The library is probably doing nothing the majority of the time given it’s a class A node but I have no idea how often the pins have to be polled once I ask to send a message so figured it’s best to just call os_runloop_once() as often as possible. Power is no problem, there is lots of electricity at the pump installation.

It would also be useful to document which events can happen in each mode as I see the same huge switch statement copied from example to example (as is usual with Arduino cargo cult programming).

And what’s a GSM-backed gateway good for? Nodes that don’t join very often (so save the mountains of state required or use ABP) and don’t use downlinks for their own app? This thing has been a terrible source of confusion for me and wasted a lot of my time. Apparently someone tried to use it last year for a project and had trouble with it too, and they weren’t even using downlinks in their project other than the join ones.

cslorabox · June 20, 2020, 1:12am

A lot of the problem comes from not understanding what it needs to do and how it goes about doing it.
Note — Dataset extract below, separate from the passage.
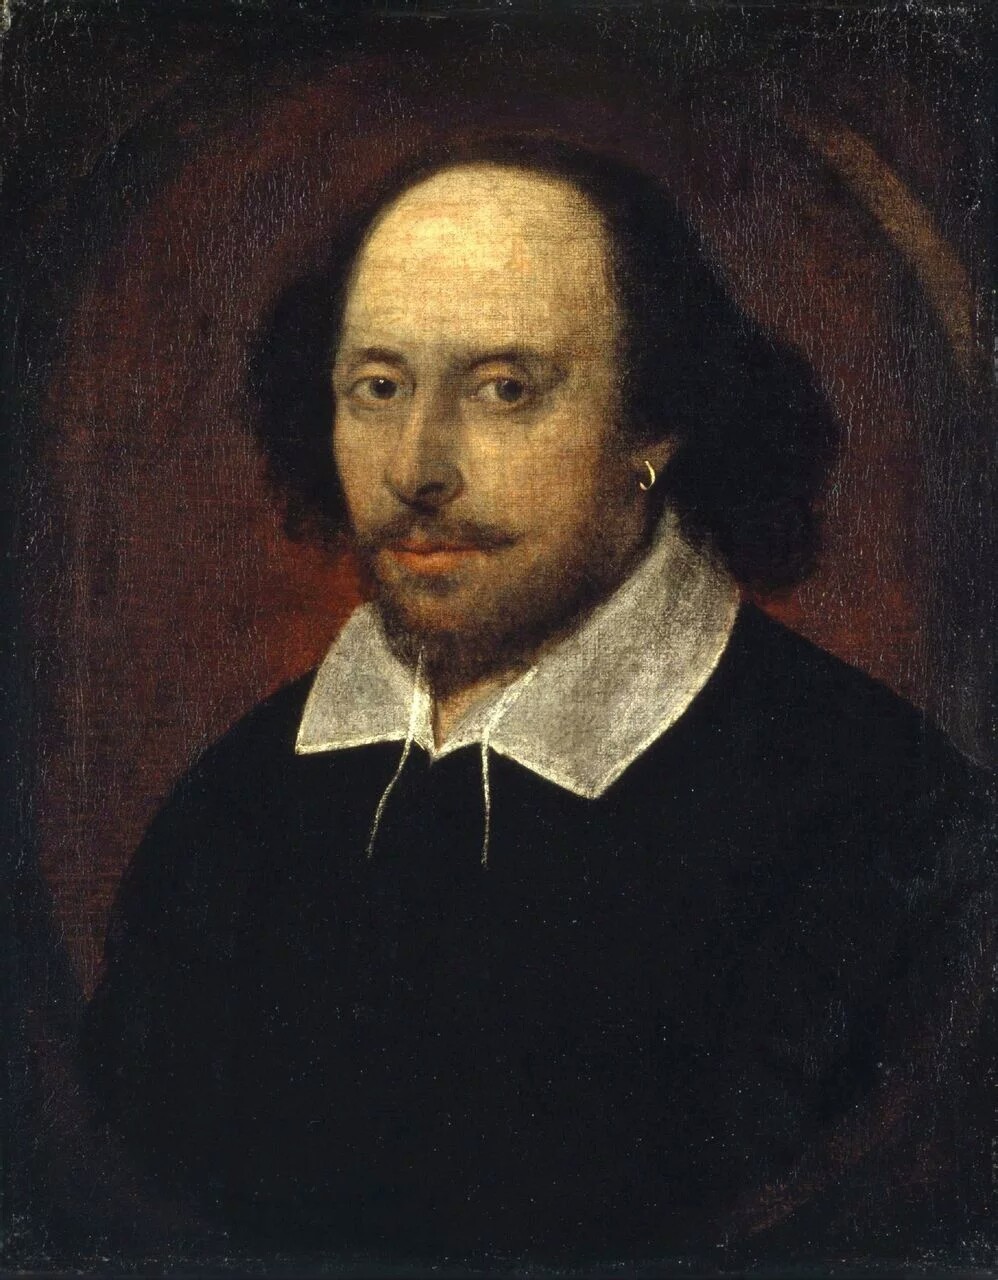 威廉·莎士比亚(william shakespeare,1564年4月26日-1616年4月23日)
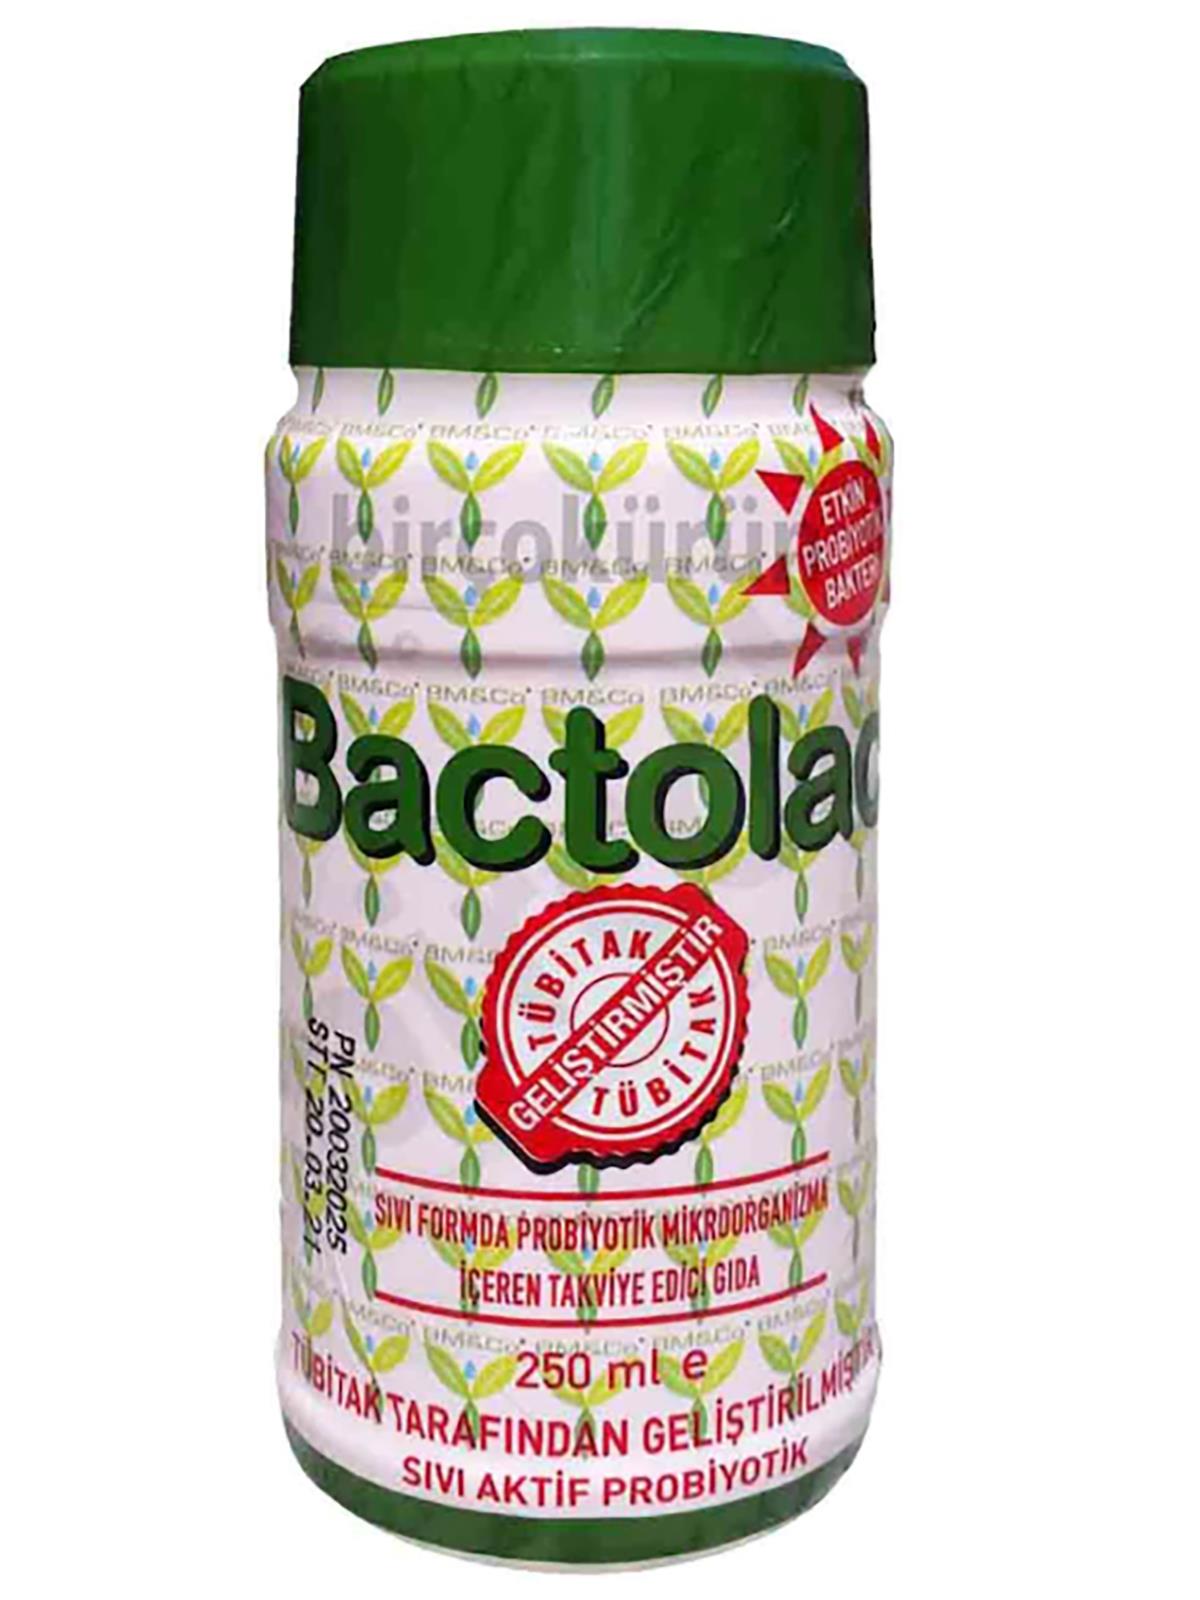 Bactolac Sıvı Formda Probiyotik Mikroorganizma İçeren Takviye Edici Gıda 250 ml

Mostly that switch statement is to print debug messages. You are of course free to only respond to the events you actually care about.

Places you need a gateway where you don’t have other connectivity, naturally.

There’s not proof that the issues you see are related to the GSM.

Sure, it’s possible though, by reason to two in hindsight poor design decisions.

The first was the decision to use a 1 second RX delay for TTN rather than something longer to allow for more backhaul latency.

The second was to assume that all packet forwarders lack a TX jit queue (when in fact builds of current code have one). This means that even if the RX window delay is longer (as in the case of a join), the network server still has to hold onto packets until just before the deadline, to make sure that requests aren’t sent out of order.

cslorabox · June 20, 2020, 1:15am

The big issue here may ultimately come down to the difference between the parts of the LoRaWAN spec that are currently exercised on a daily basis, vs. all of the corner cases that spec compliance actually requires, some of which are pretty much possibilities in theory only, and other of which could be hit by seemingly trivial changes in server code or conditions.

One of the reasons the MCCI LoRaWAN repo has diverged so far is that they’re actually trying to satisfy the LoRaWAN compliance tests, on top of LMiC that originated as more of a “proof of concept” codebase.

If you say “these are the only things I care about” then it gets a whole lot simpler. But then it’s also not technically LoRaWAN. And it might work on TTN today, but not after someone else makes a trivial change tomorrow. That variety of regional possibilities also complicate things - most people test only in their home region as they don’t have a “closed” test setup to verify operation with the details of regional settings that use frequencies that are only legal elsewhere.

dajt · June 20, 2020, 1:59am

That’s an interesting one! Is that part of the LoRaWAN spec or just how the network software is written at present?